Background: The rapid evolution of 454 GS-FLX sequencing technology has not been accompanied by a reassessment of the quality and accuracy of the sequences obtained. Current strategies for decision-making and error-correction are based on an initial analysis by Huse et al. in 2007, for the older GS20 system based on experimental sequences. We analyze here the quality of 454 sequencing data and identify factors playing a role in sequencing error, through the use of an extensive dataset for Roche control DNA fragments.
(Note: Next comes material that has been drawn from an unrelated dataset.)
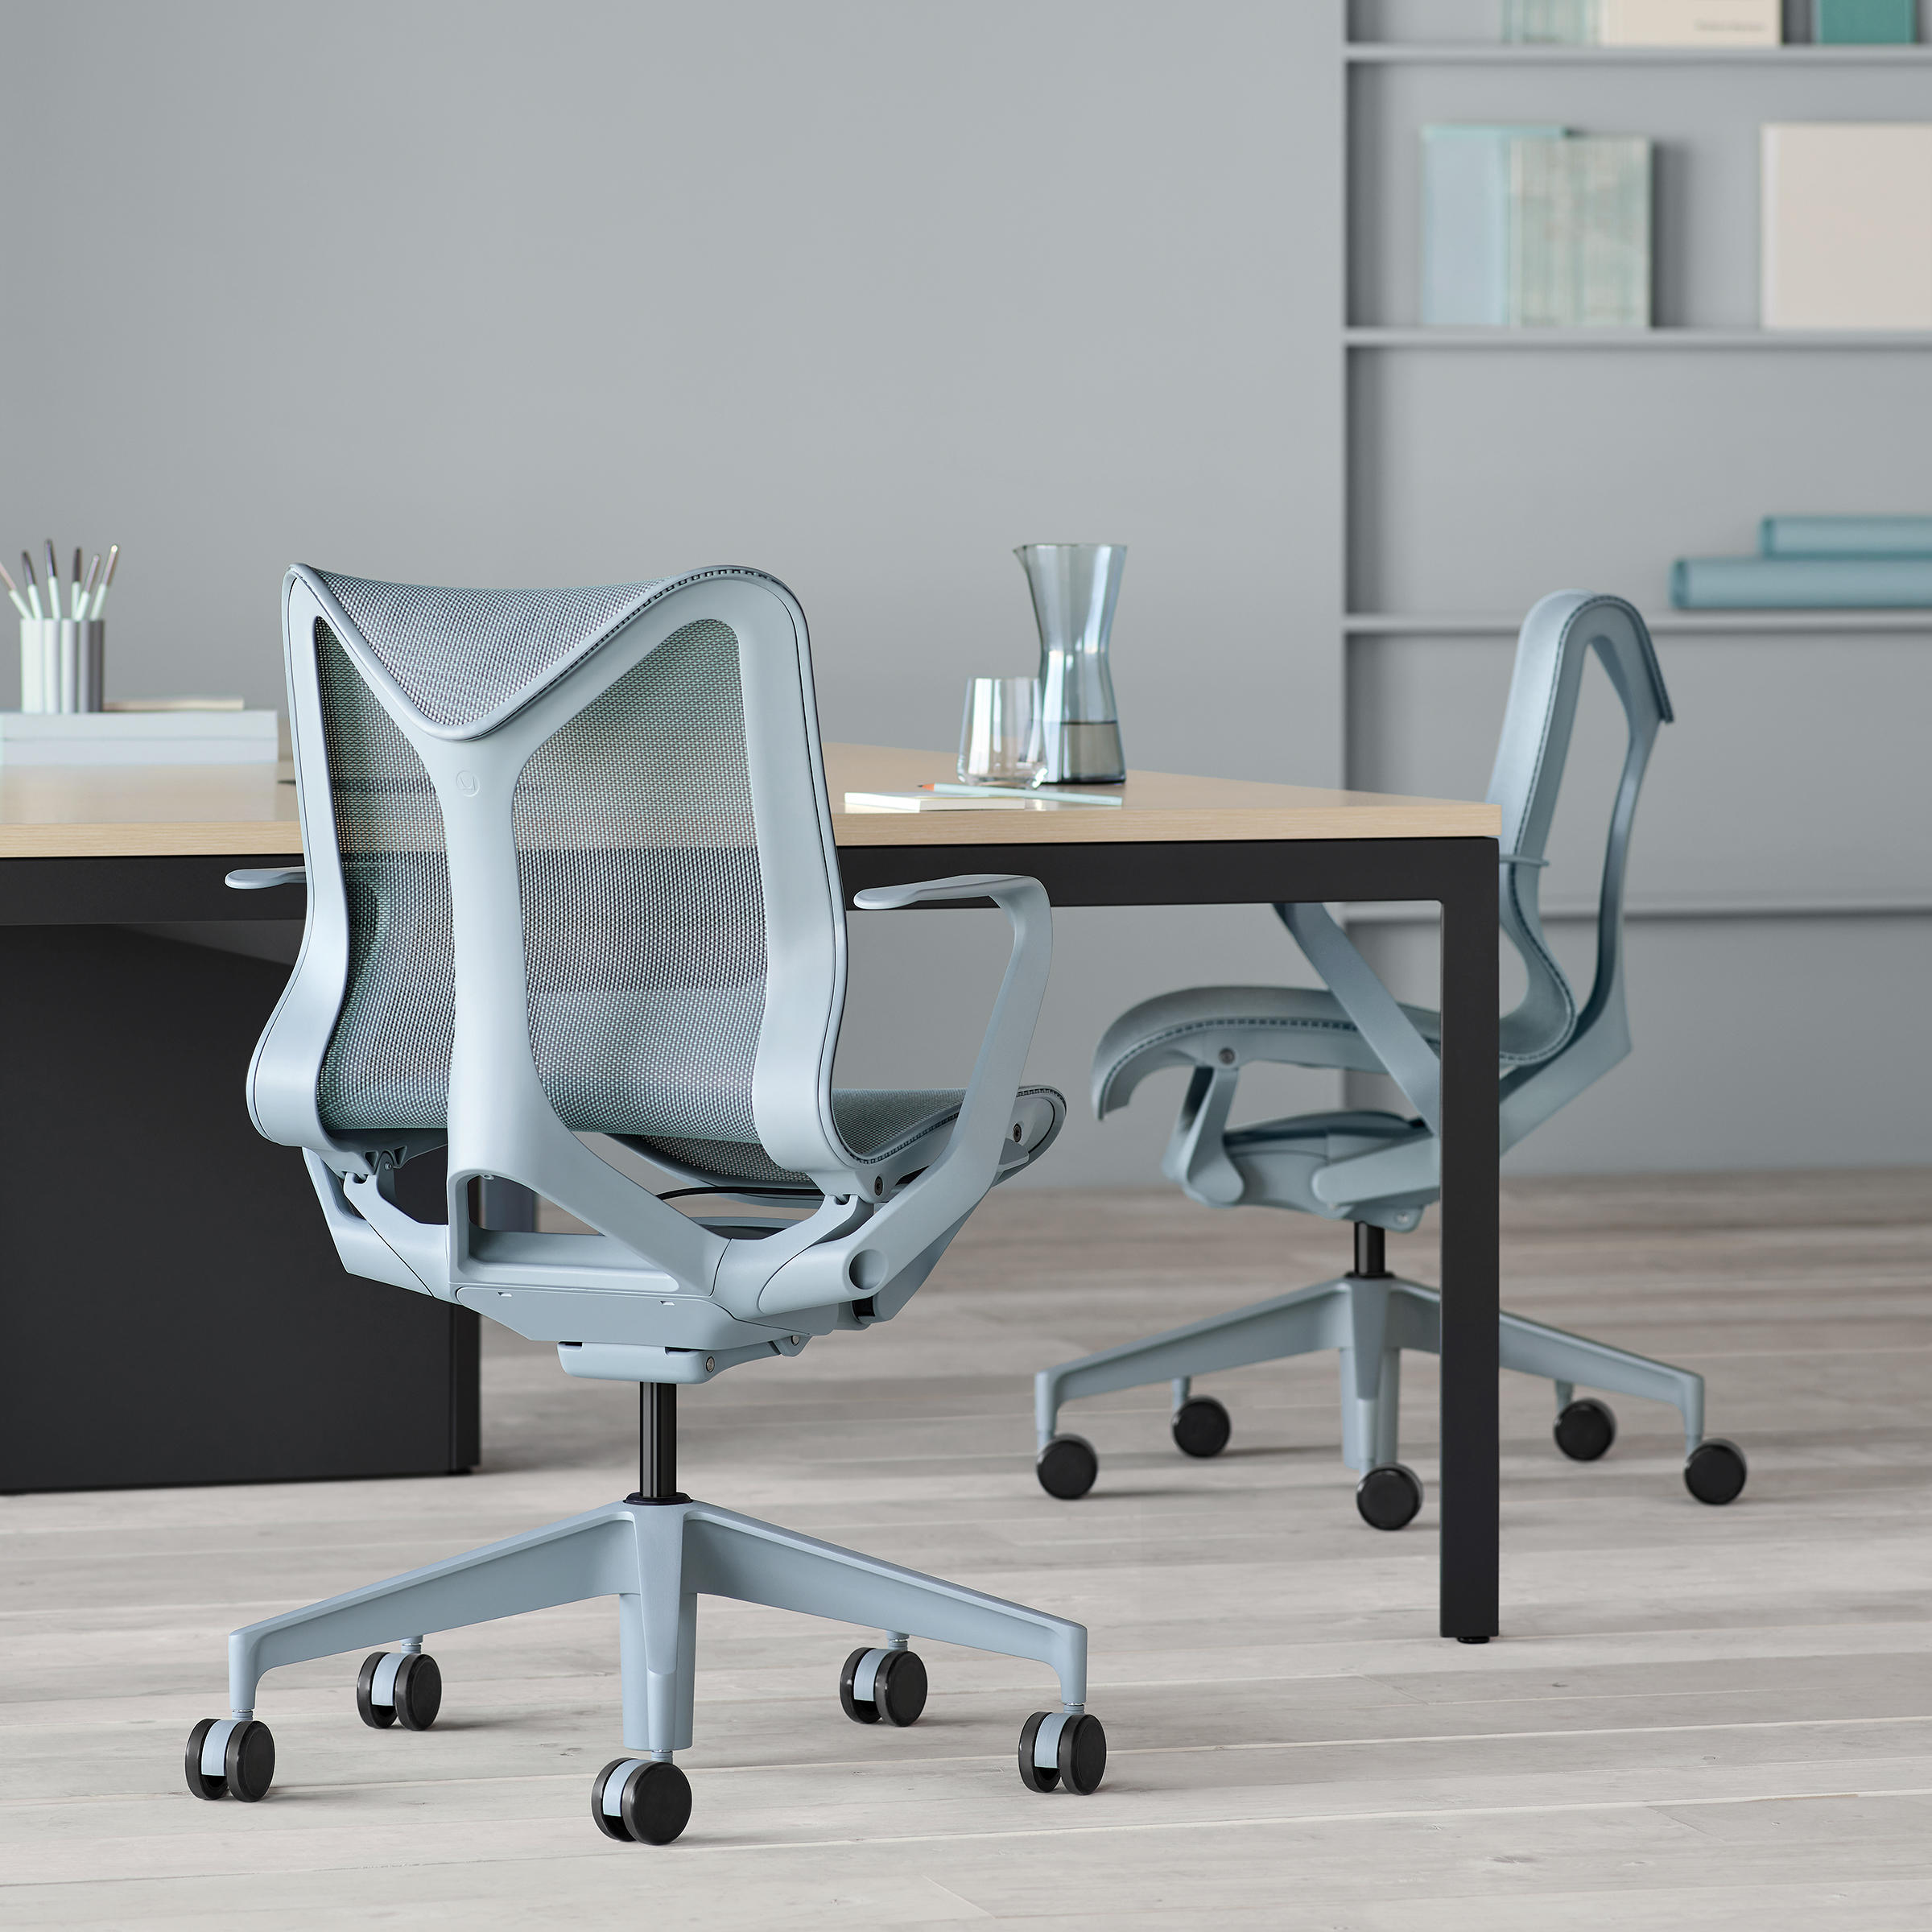 COSM HIGH BACK - Office chairs from Herman Miller | Architonic

Results: We obtained a mean error rate for 454 sequences of 1.07%. More importantly, the error rate is not randomly distributed; it occasionally rose to more than 50% in certain positions, and its distribution was linked to several experimental variables. The main factors related to error are the presence of homopolymers, position in the sequence, size of the sequence and spatial localization in PT plates for insertion and deletion errors. These factors can be described by considering seven variables. No single variable can account for the error rate distribution, but most of the variation is explained by the combination of all seven variables.
Conclusions: The pattern identified here calls for the use of internal controls and error-correcting base callers, to correct for errors, when available (e.g. when sequencing amplicons). For shotgun libraries, the use of both sequencing primers and deep coverage, combined with the use of random sequencing primer sites should partly compensate for even high error rates, although it may prove more difficult than previous thought to distinguish between low-frequency alleles and errors.